LETTERS TO THE EDITOR

Climate Change Observations: Part 1

 

Prior to computers, the predictions for climate changes and earth resources were made by humans using charts, graphs, data tables, slide rules and so on. Now with the computer age the predictions are faster to calculate and generate. These predictions are now called “models.” After the predictions or models are made, current data is supposed to be calculated against them to track and see if they are valid. The biggest problem today is that they are being treated as scientific fact when they are really predictions. In at least the past 100 years we should have become aware that the earth’s climate changes are not linear. I would suggest that they just might be chaotic. Below are some predictions that were treated as fact. Compare them with what now is known to have actually happened. I have checked the items below and they appear to be correct.

In August 1969,  the N.Y. Times reported that Stanford University biologist Dr. Paul Erhlich warned, “The trouble with almost all environmental problems is that by the time we have enough evidence to convince people, we will be dead. We must realize that, unless we are extremely lucky, everybody will disappear in a cloud of blue steam in 20 years.”

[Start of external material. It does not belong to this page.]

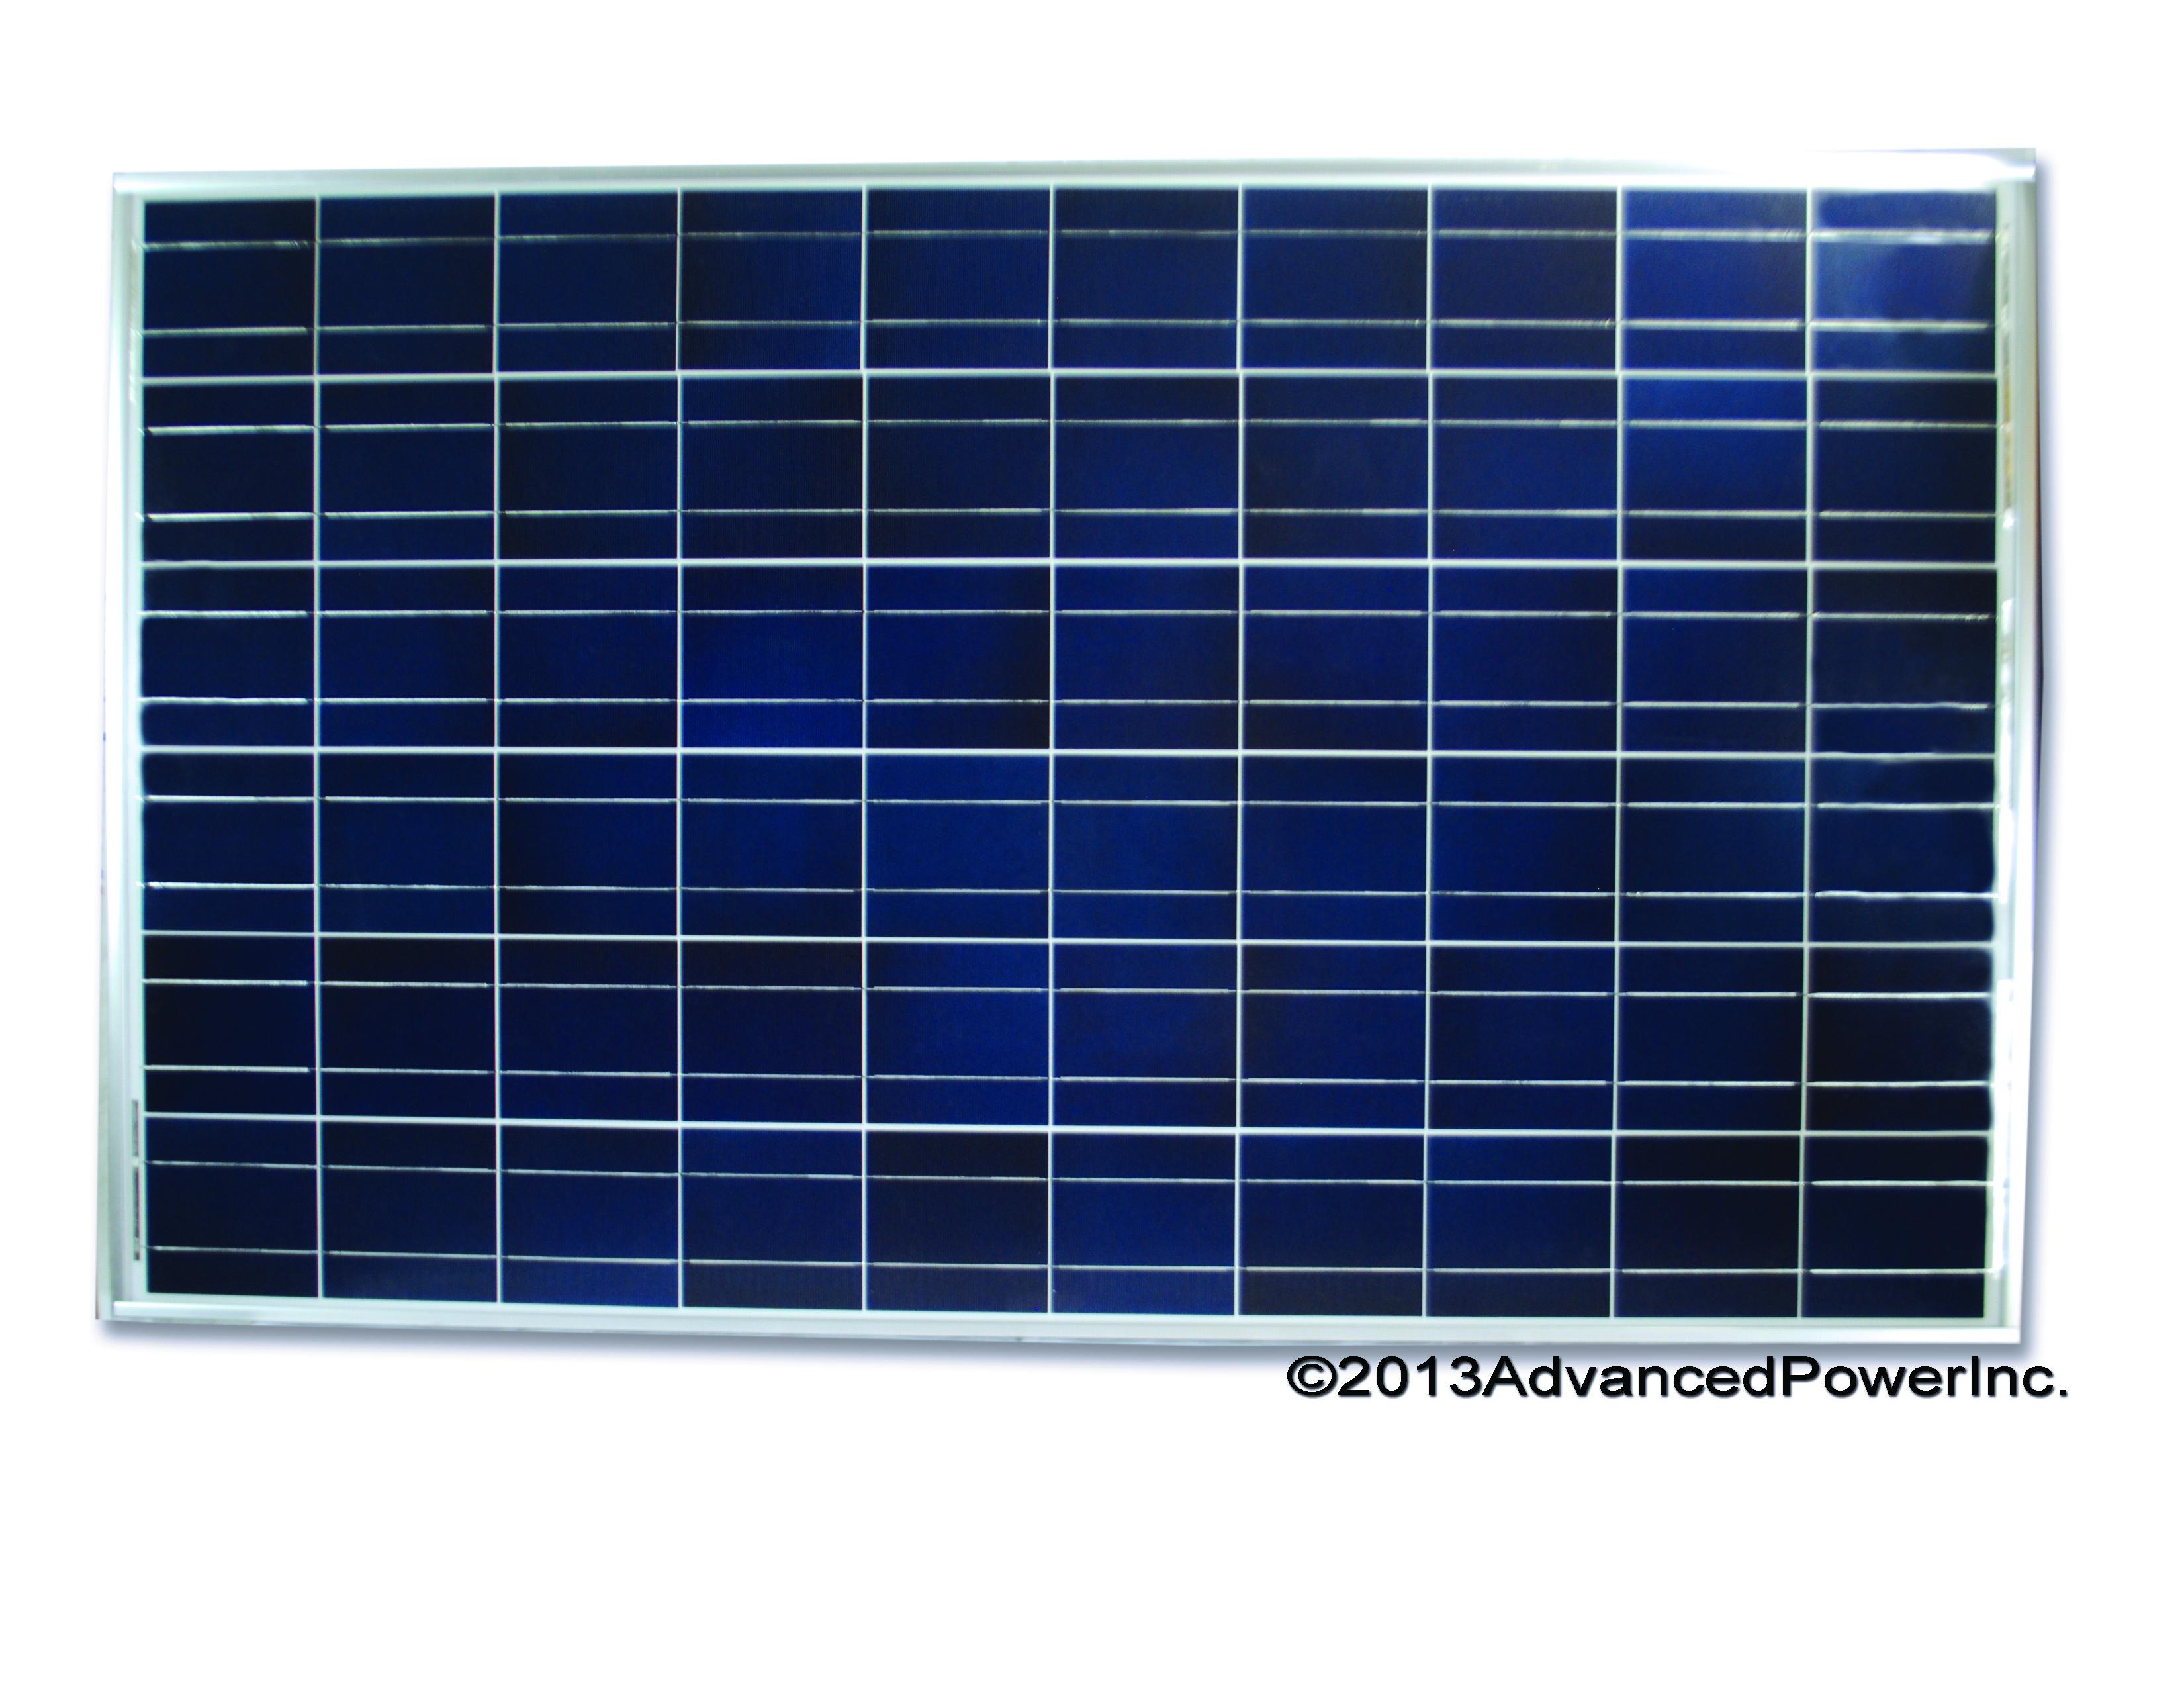 KC06-330 (2) Panel Solar Array

In 2000, Dr. David Viner, a senior research scientist at East Anglia’s climate research unit, predicted that in a few years snowfall would become “a very rare event.”

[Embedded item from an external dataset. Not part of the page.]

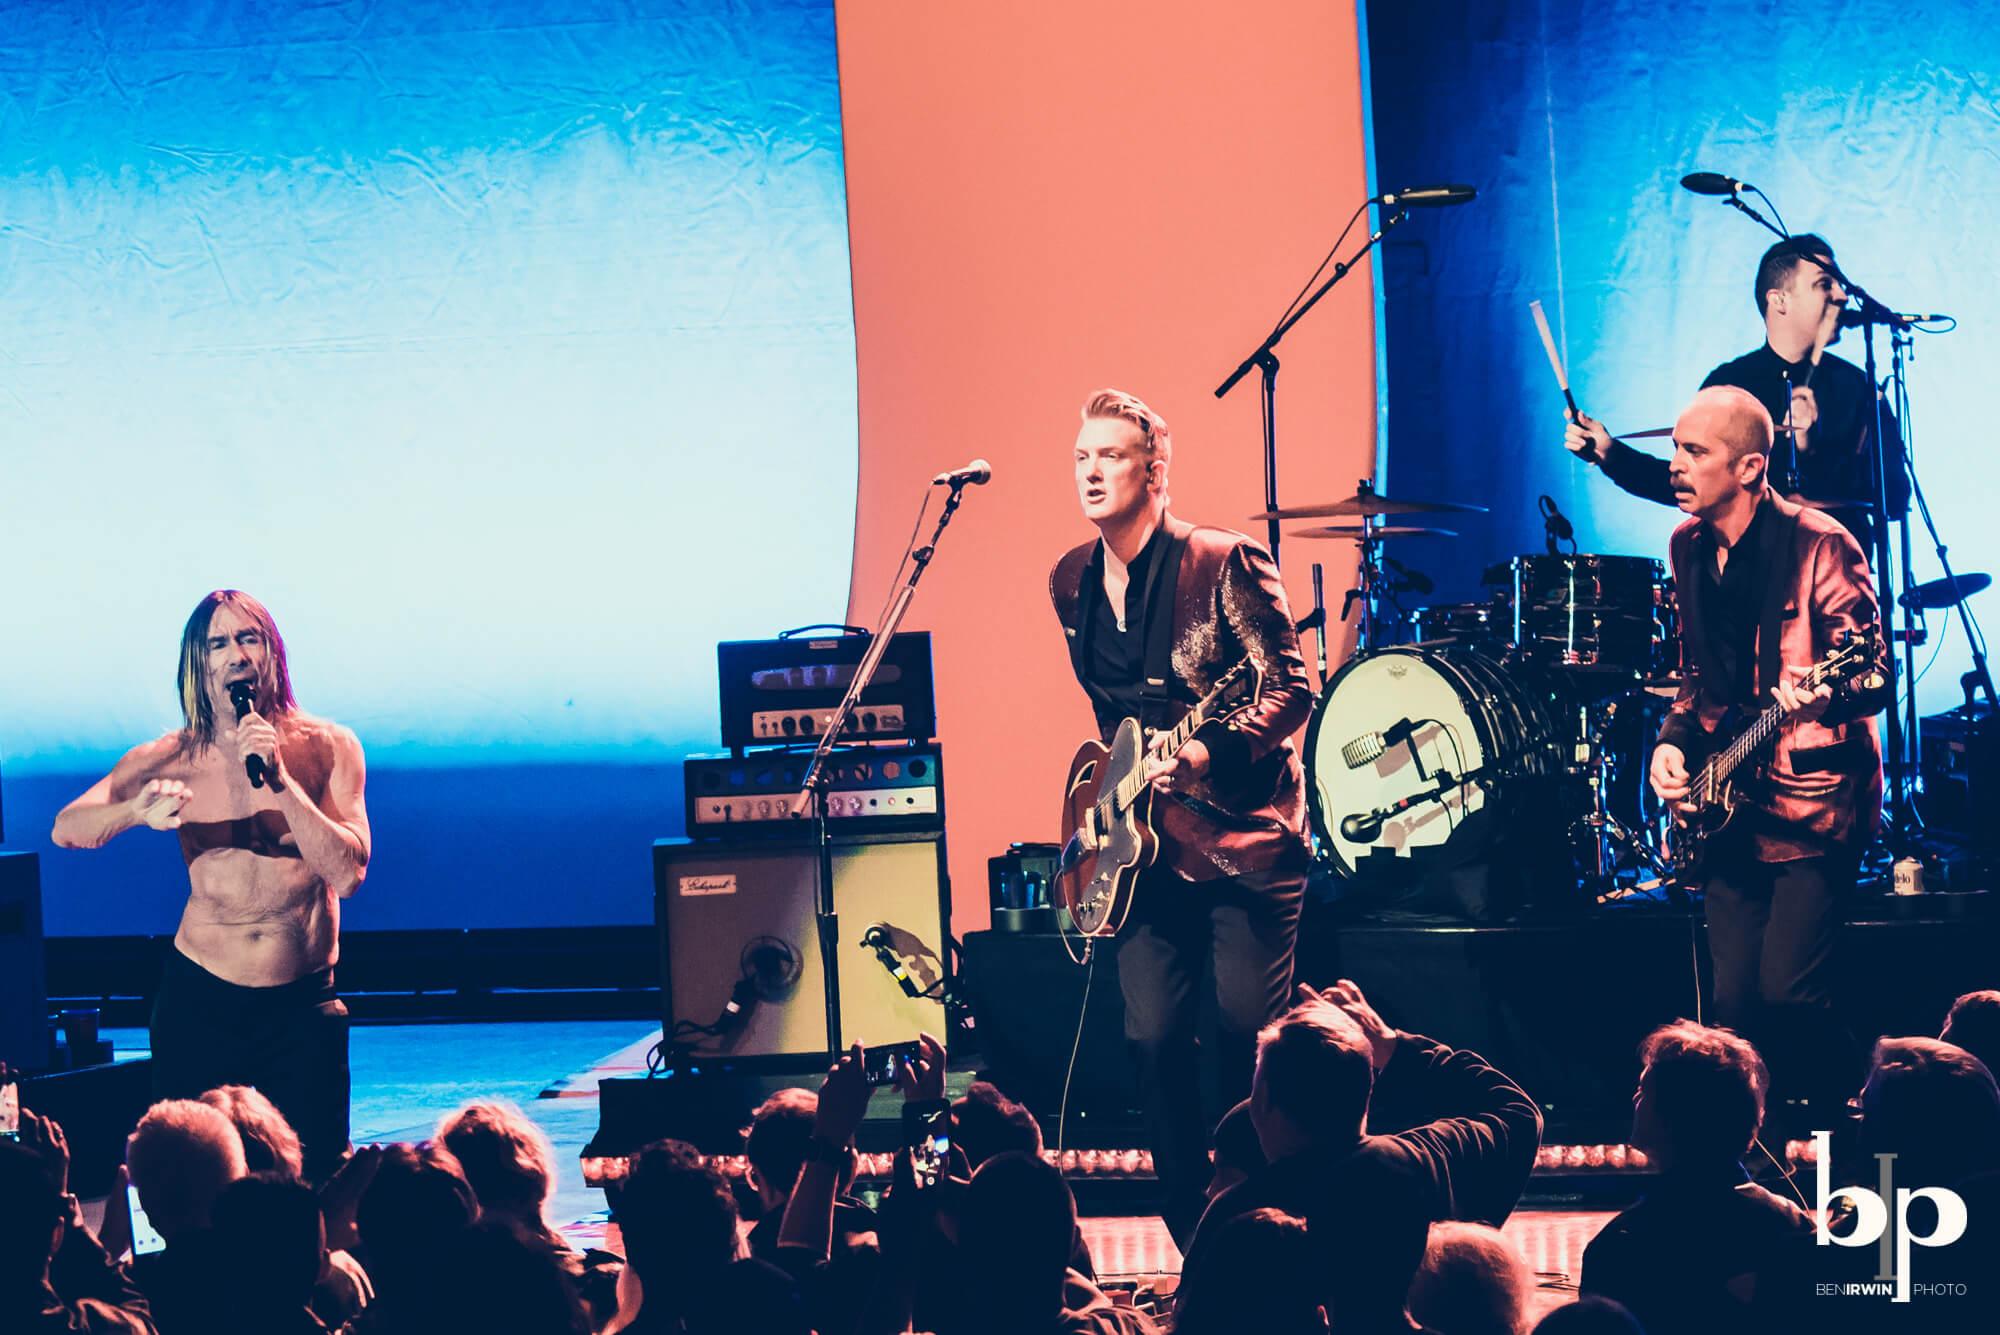 Iggy Pop - Josh Homme - bill callahan - Greek LA - 4-28-16_BI5287

In 2004, the U.S. Pentagon warned President G.W. Bush that major European cities would be beneath rising seas and Britain will have a Siberian climate by 2020.

In 2008, Al Gore predicted that the polar ice cap would be gone in 10 years.

A U.S. Dept. of Energy study led by the U.S. Navy predicted the Arctic Ocean would have an ice-free summer by 2016.

In May 2014, French Foreign Minister Laurent Fabius declared in a joint appearance with U.S. Secretary of State John Kerry that “we have 500 days to avoid climate chaos.”